January 1, 1826

MY DEAR PARENTS,—I wish you all a Happy New Year! Kiss my little ones as a New Year's present from me, which must answer until I visit them, when I shall bring them each a present if I hear good accounts from them….

The new year brings with it many painful reflections to me. When I consider what a difference a year has accomplished in my situation; that one on whom I depended so much for domestic happiness at this time last year gave me the salutations of the season, and now is gone where years are unknown; and when I think how mysteriously I am separated from my little family, and that duty may keep me I know not how much longer in this solitary state, I have much that makes the present season far from being a Happy New Year to me. But, mysterious as things seem in regard to the future, I know that all will be ordered right, and I have a great deal to say of mercy in the midst of judgment, and a thousand unmerited blessings with all my troubles.

But why do I talk of troubles? My cup is overflowing with blessings. As far as outward circumstances are concerned, Providence seems to be opening an honorable and useful course to me. Oh! that I may be able to bear prosperity, if it is his will to bestow it, or be denied it if not accompanied with his blessing….

I am much engaged in my lectures, have completed two, nearly, and hope to get through the four in season for my turn at the Athenæum. These lectures are of great importance to me, for, if well done, they place me alone among the artists; I being the only one who has as yet written a course of lectures in our country. Time bestowed on them is not, therefore, misspent, for they will acquire me reputation which will yield wealth, as mother, I hope, will live to see.

"January 15, 1826. On this day I seem to have the only moment in the week in which I can write you, for I am almost overwhelmed by the multitude of cares that crowd upon me…. I find that the path of duty, though plain, is not without its roughness. I can say but in one word that the Association of Artists, of whom I am president, after negotiations of some weeks with the Academy of Fine Arts to come into it on terms of mutual benefit, find their efforts unavailing, and have separated and formed a new academy to be called, probably, the National Academy of the Arts of Design. I am at its head, but the cares and responsibility which devolve on me in consequence are more than a balance for the honor. The battle is yet to be fought for the need of public favor, and were it not that the entire and perfect justness of our cause is clear to me in every point of view, I should retire from a contest which would merely serve to rouse up all the 'old Adam' to no profit; but the cause of the artists seems, under Providence, to be, in some degree, confided to me, and I cannot shrink from the cares and troubles at present put upon me. I have gone forward thus far, asking direction from above, and, in looking around me, I feel that I am in the path of duty. May I be kept in it and be preserved from the temptations, the various and multiplied and complicated temptations, to which I know I shall be exposed. In every step thus far I feel an approving conscience; there is none I could wish to retrace….
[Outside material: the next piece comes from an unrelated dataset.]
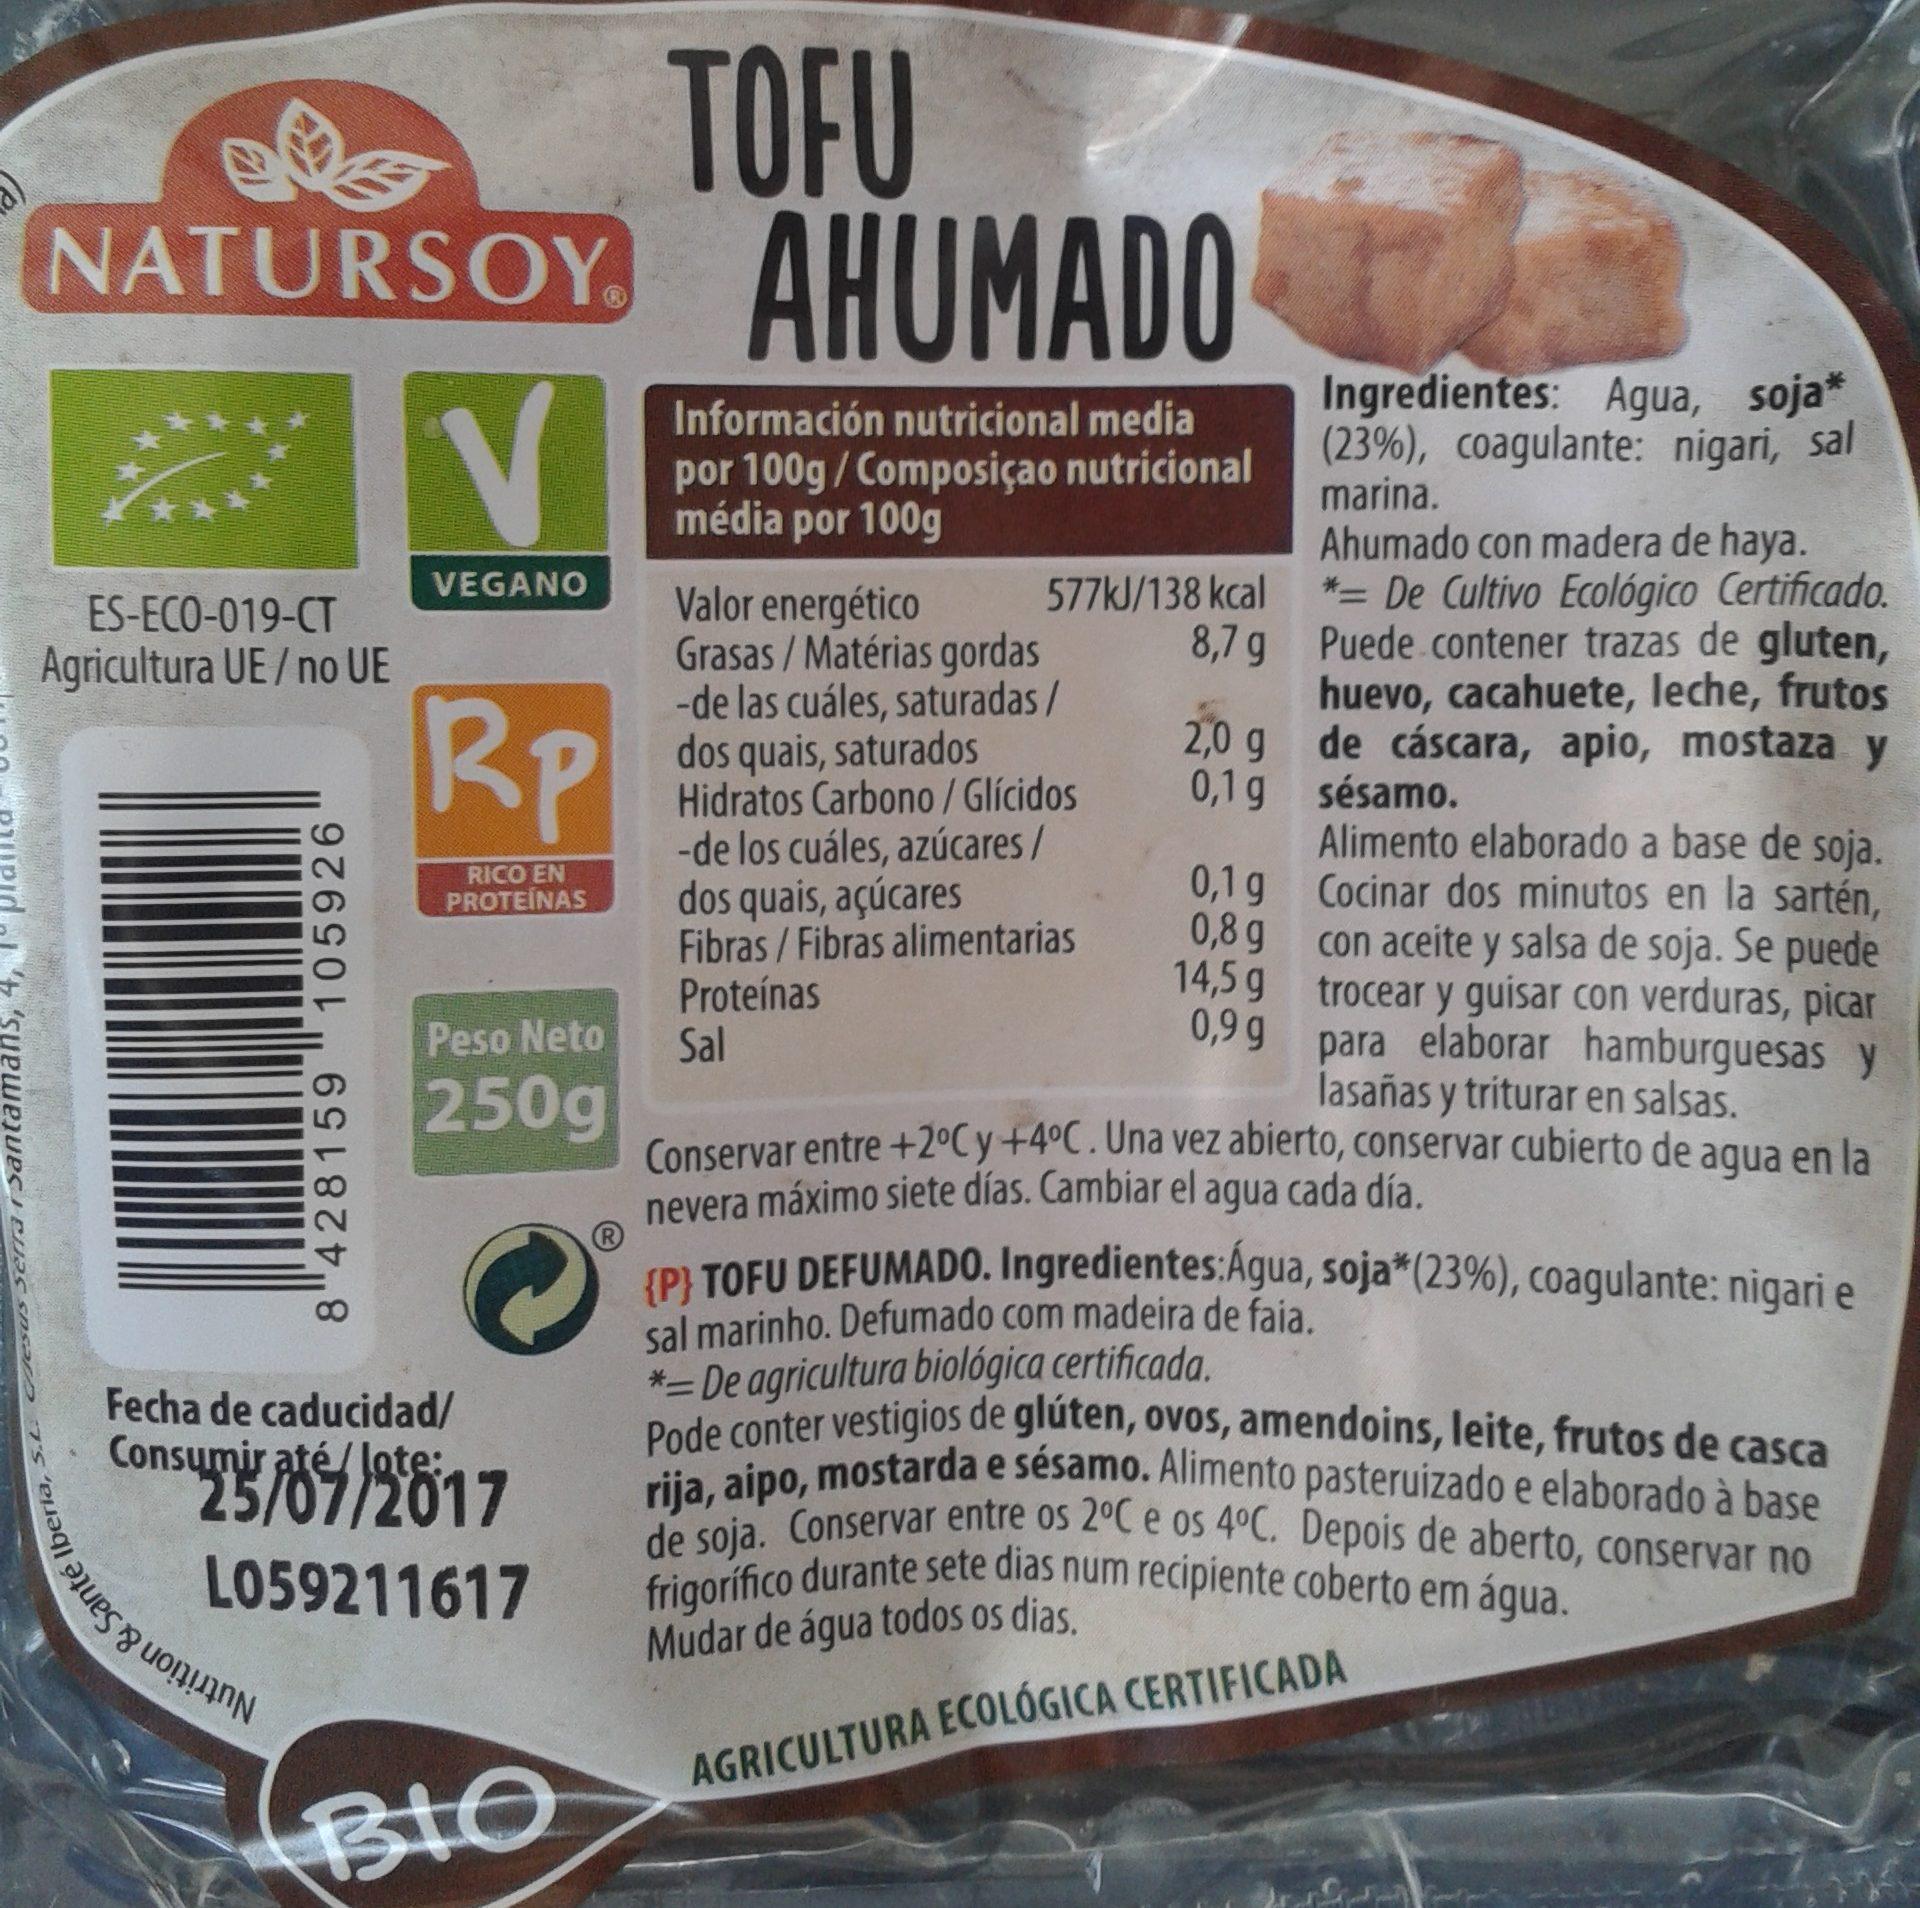 Tofu Ahumado Natursoy - Product

"I fear you will think I have but few thoughts for you all at home, and my dear little ones in particular. I do think of them, though, very often, with many a longing to have a home for them under a parent's roof, and all my efforts now are tending distantly to that end; but when I shall ever have a home of my own, or whether it will ever be, I know not. The necessity for a second connection on their account seems pressing, but I cannot find my heart ready for it. I am occasionally rallied on the subject, but the suggestion only reminds me of her I have lost, and a tear is quite as ready to appear as a smile; or, if I can disguise it, I feel a pang within that shows me the wound is not yet healed. It is eleven months since she has gone, but it seems but yesterday."

"April 18, 1826. I don't know but you will think I have forgotten how to write letters, and I believe this is the first I have written for six weeks.
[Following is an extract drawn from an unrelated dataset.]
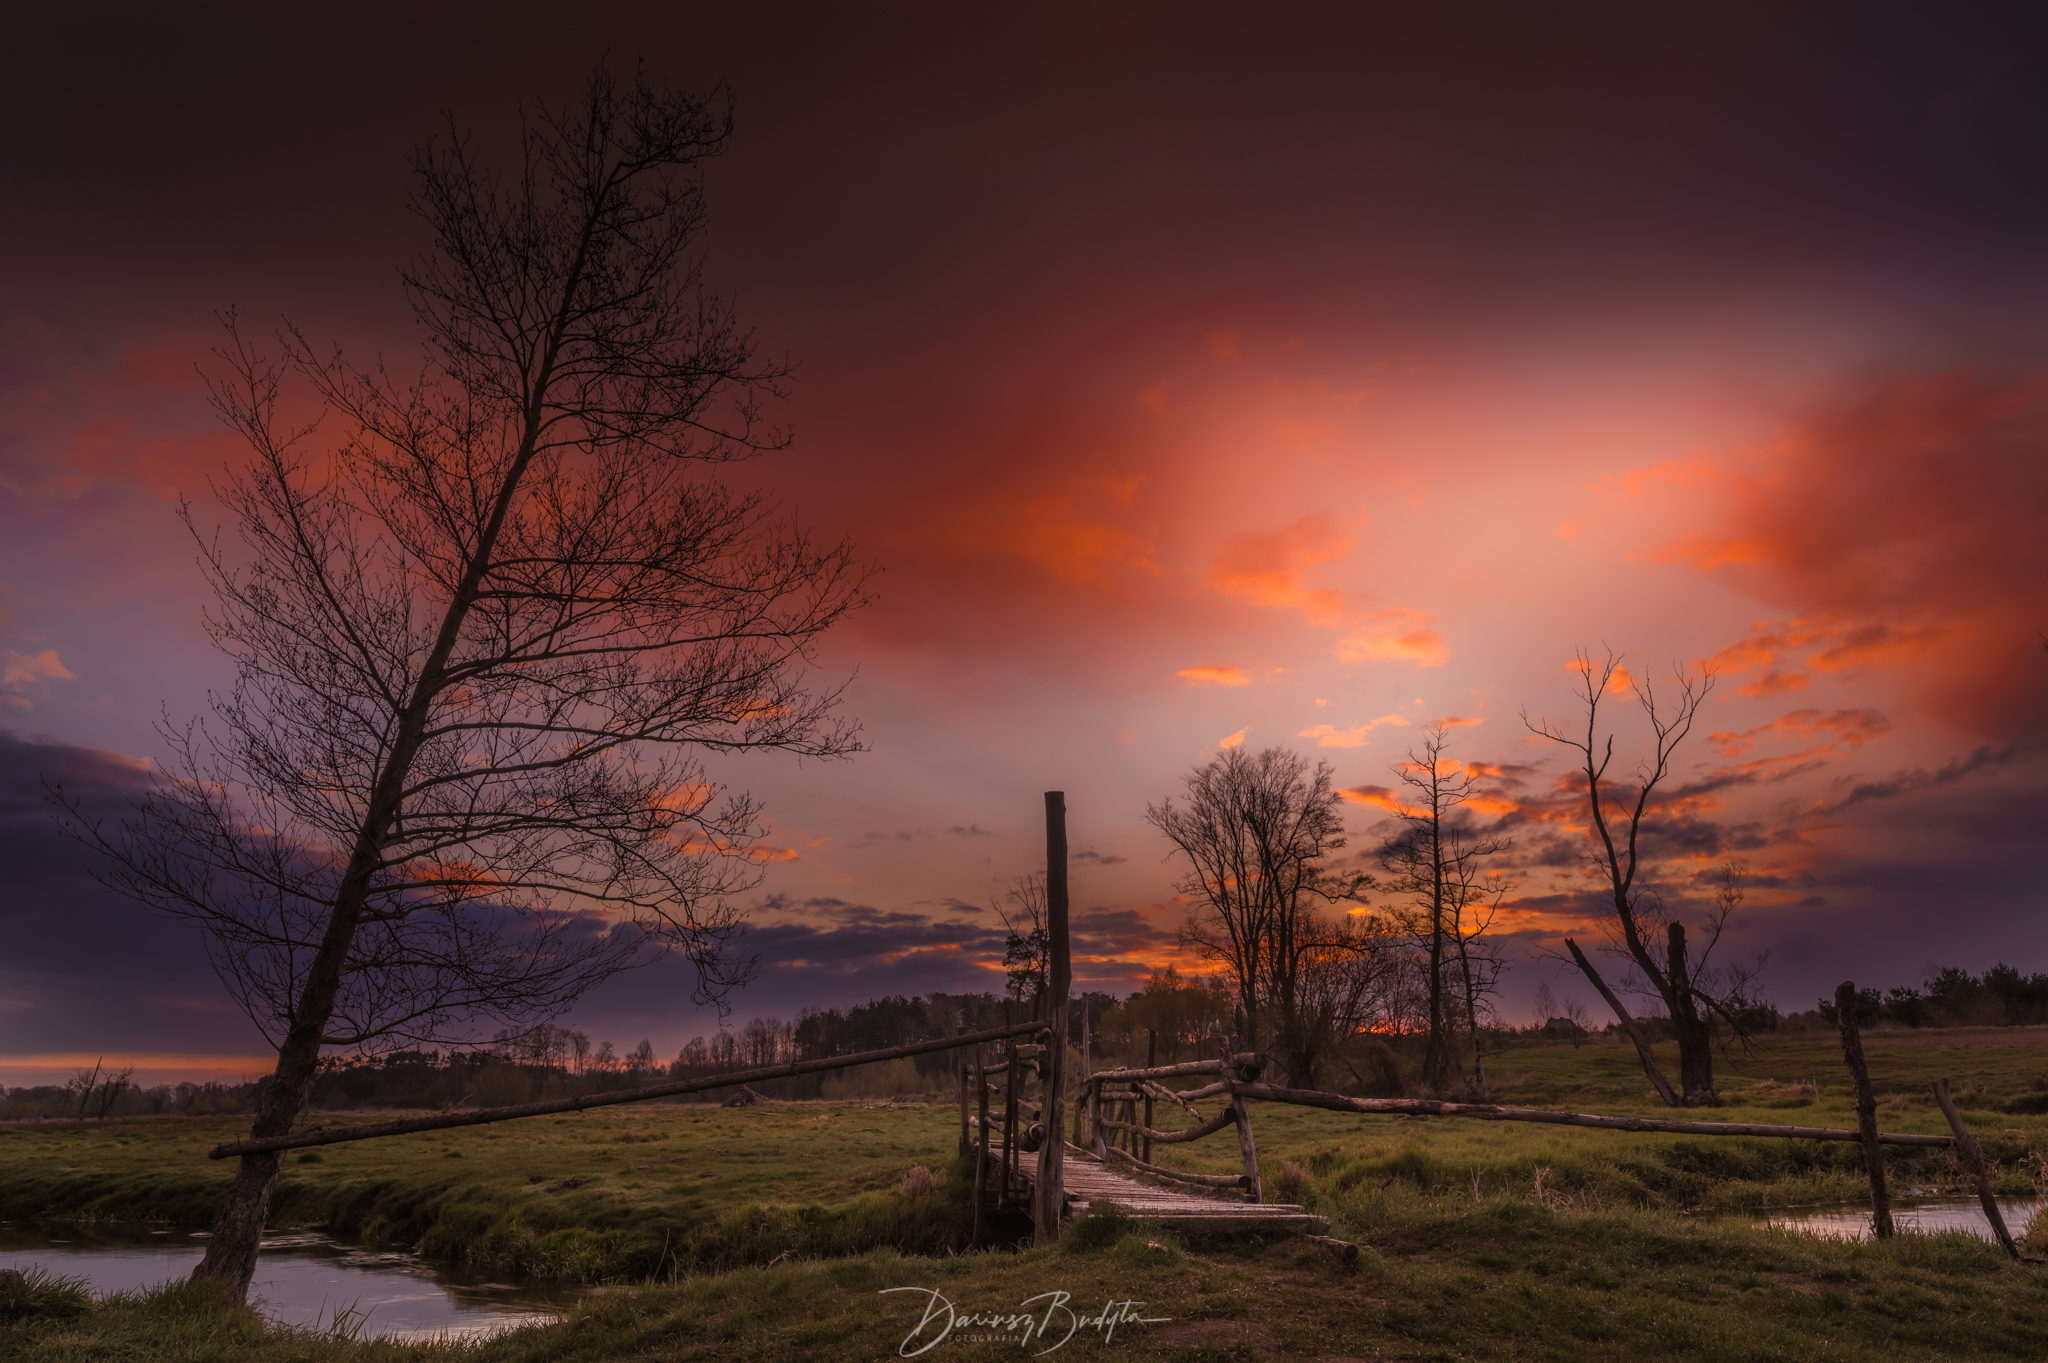 sunrise, spring, river, jeziorka, sky,, Budyta Dariusz

"The pressure of my lectures became very great towards the close of them, and I was compelled to bend my whole attention to their completion. I did not expect, when I delivered my first, that I should be able to give more than two, but the importance of going through seemed greater as I advanced, and I was strengthened to accomplish the whole number, and, if I can judge from various indications, I think I have been successful. My audience, consisting of the most fashionable and literary society in the city, regularly increased at each successive lecture, and at the last it was said that I had the largest audience ever assembled in the room.

"I am now engaged on Lafayette in expectation of completing it for our exhibition in May, after which time I hope I shall be able to see you for a day or two in New Haven. I long to see you all, and those dear children often make me feel anxious, and I am often tempted to break away and have a short look at them, but I am tied down here and cannot move at present. All that I am doing has some reference to their interest; they are constantly on my mind.